Gross domestic product declined 0.2 percent in the three months through June from the same period last year, its 24th straight contraction, after dropping a revised 1.1 percent in the previous quarter, the Hellenic Statistical Authority (ELSTAT) said.
The contraction is the smallest since the third quarter of 2008 and beats the median estimate of a 0.5 percent drop in a Bloomberg survey.
“We’ve had a long-term positive trend,” said Christian Schulz, senior European economist at Berenberg Bank in London. “Whether the confidence can be strong enough to push Greece back into strong growth just yet is open to question. I think Greece will probably this year still have to rely on a positive tourist season.”
Analysts of Greek lender Eurobank said in a weekly report that the country’s economy is entering a period of long-term growth. Should Greece’s economy continue to produce primary surpluses, convergence with stronger European economies will occur.
Meanwhile, the Greek Finance ministry, central government budget had a 2.3 billion euro primary surplus in the first seven months of the year. The state budget deficit came in at 1.93 billion euros against a target of 3.36 billion.
Alpha Bank analysts predicted Wednesday the Greek primary surplus will exceed 2.9 billion euros at the end of 2014.
Release of 1-billion-euro loan tranche approved
Also Wednesday, the Euro Working Group approved the disbursement of another 1 billion euros in rescue loans to Greece with the money expected to be made available to Athens by Thursday.
The 1 billion euros is the last slice of a tranche of 8.3 billion euros approved at last April’s Eurogroup summit in Athens.
Another 1.8 billion euros in outstanding funds — from Greece’s second loan agreement with international creditors — remains to be disbursed, most likely in the fall following the troika’s next economic review.

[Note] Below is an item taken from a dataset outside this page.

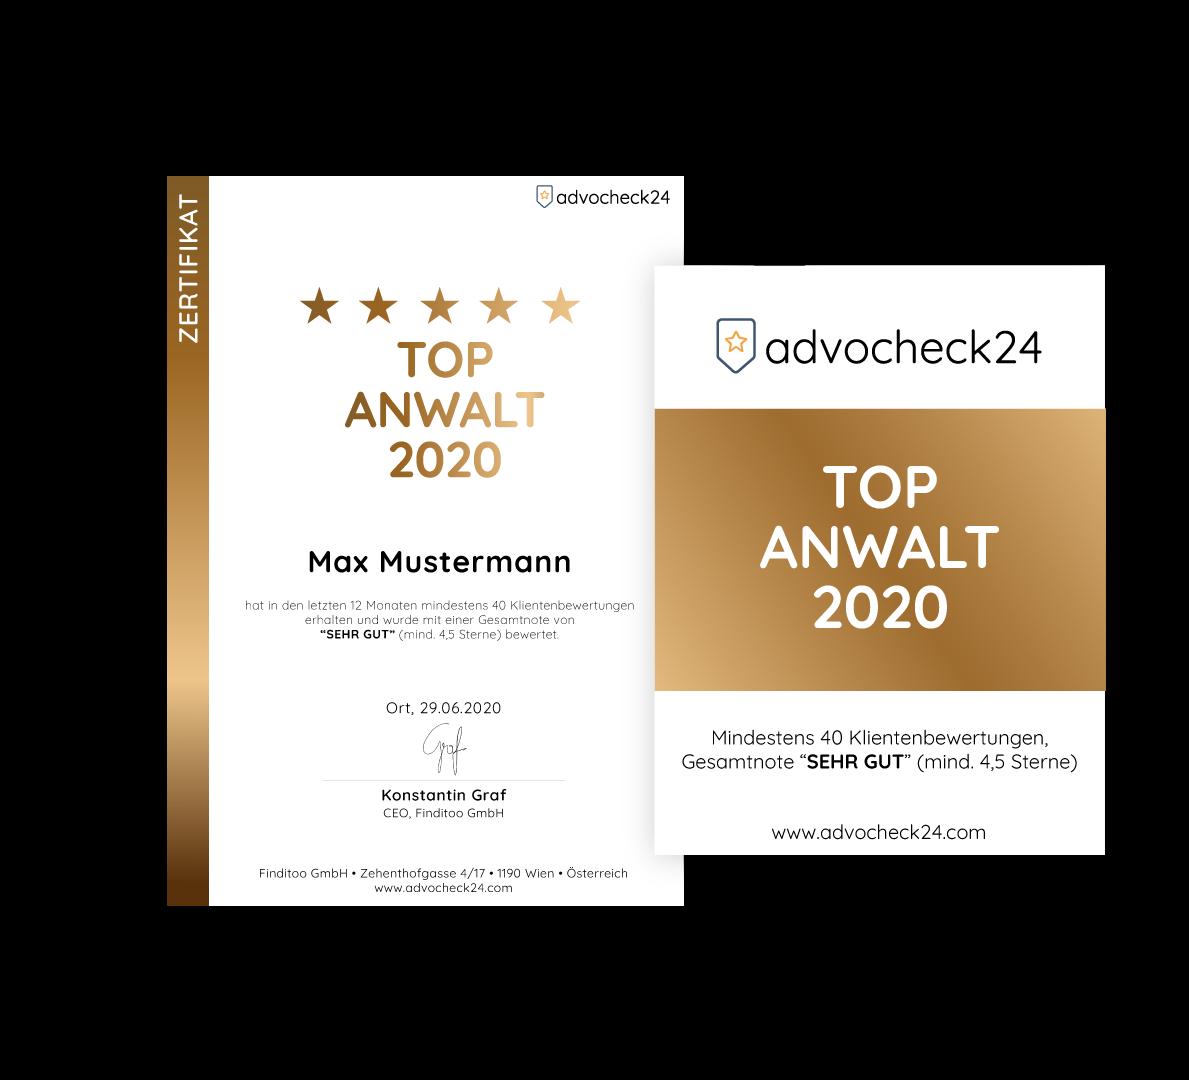 Advocheck24 Auszeichnung Top Anwalt
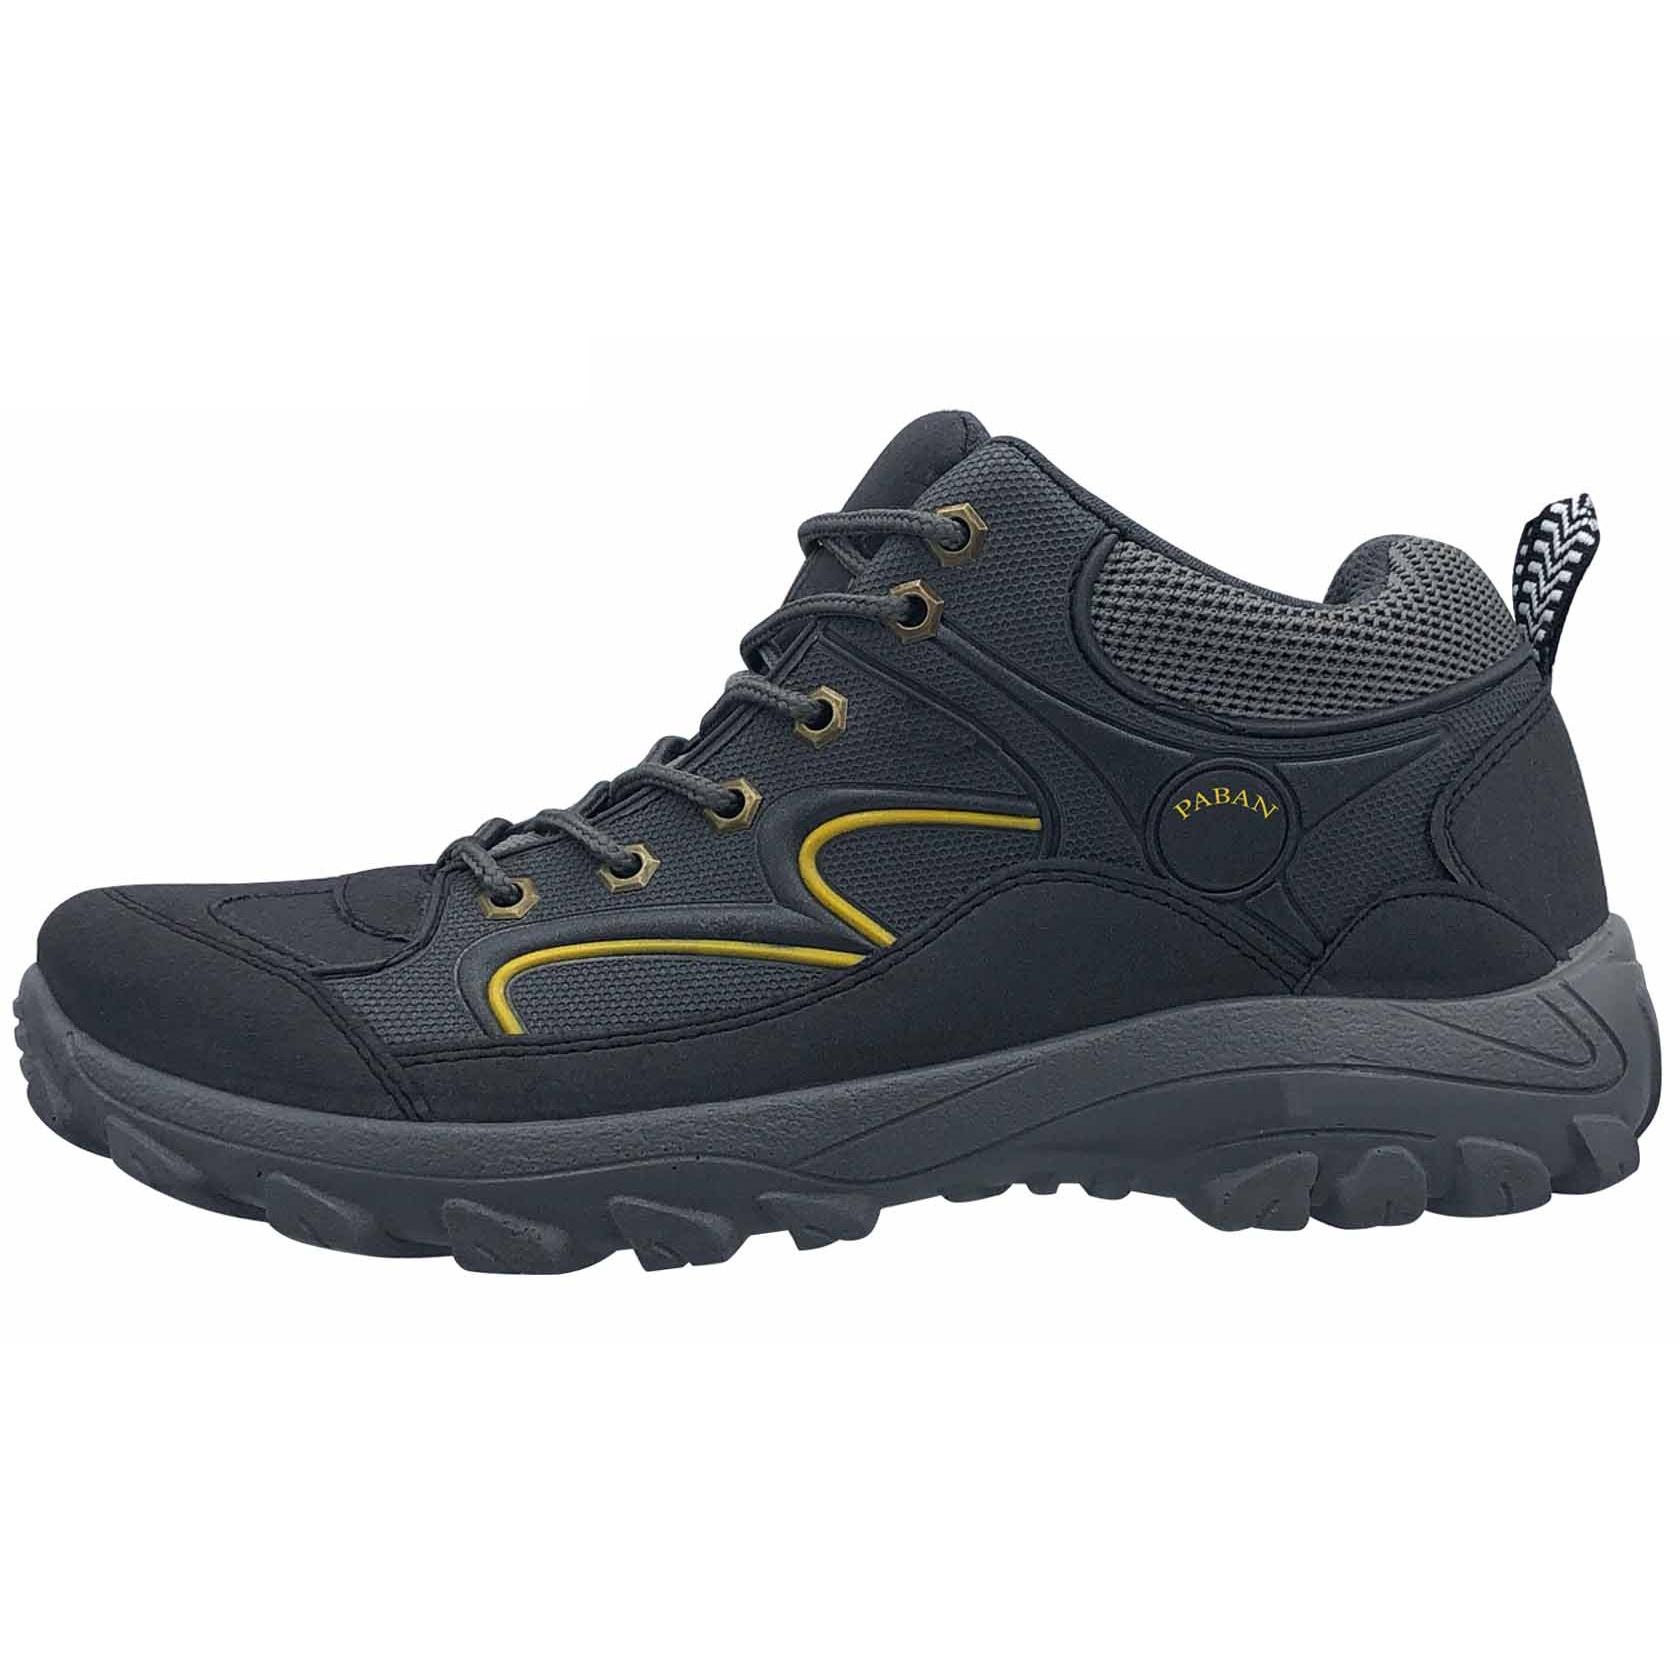 کفش کوهنوردی مردانه پابان کد 02-316

Having received financial assistance from the European Financial Stability Facility of 141.8 billion euros, Greece is now closer to receiving the last of its rescue funds, thus making a series of audits carried out by the troika unnecessary.
Observers, however, maintain it is still unknown whether Greece will need additional financial support and therefore a new aid program after 2015 will be necessary.
German newspaper Frankfurter Allgemeine notes “Athens seems to forget that the primary surplus is only one of the prerequisites for further facilitations” hinting that the troika may still be around until 2016.